> [WHAT TO DO] In the records that follow, the lines from the one containing "Book your holiday party today" to the one containing "Preemie Dad T", inclusive, are to be given again exactly.

> [ENTRIES SHOWN]
= Beginning of Section =

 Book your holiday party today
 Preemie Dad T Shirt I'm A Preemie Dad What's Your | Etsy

= End of Section =
= Beginning of Section =

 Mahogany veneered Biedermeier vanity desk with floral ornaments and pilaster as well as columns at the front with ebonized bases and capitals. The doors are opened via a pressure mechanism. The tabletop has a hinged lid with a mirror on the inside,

= End of Section =

> [ANSWER BELOW]
 Book your holiday party today
 Preemie Dad T Shirt I'm A Preemie Dad What's Your | Etsy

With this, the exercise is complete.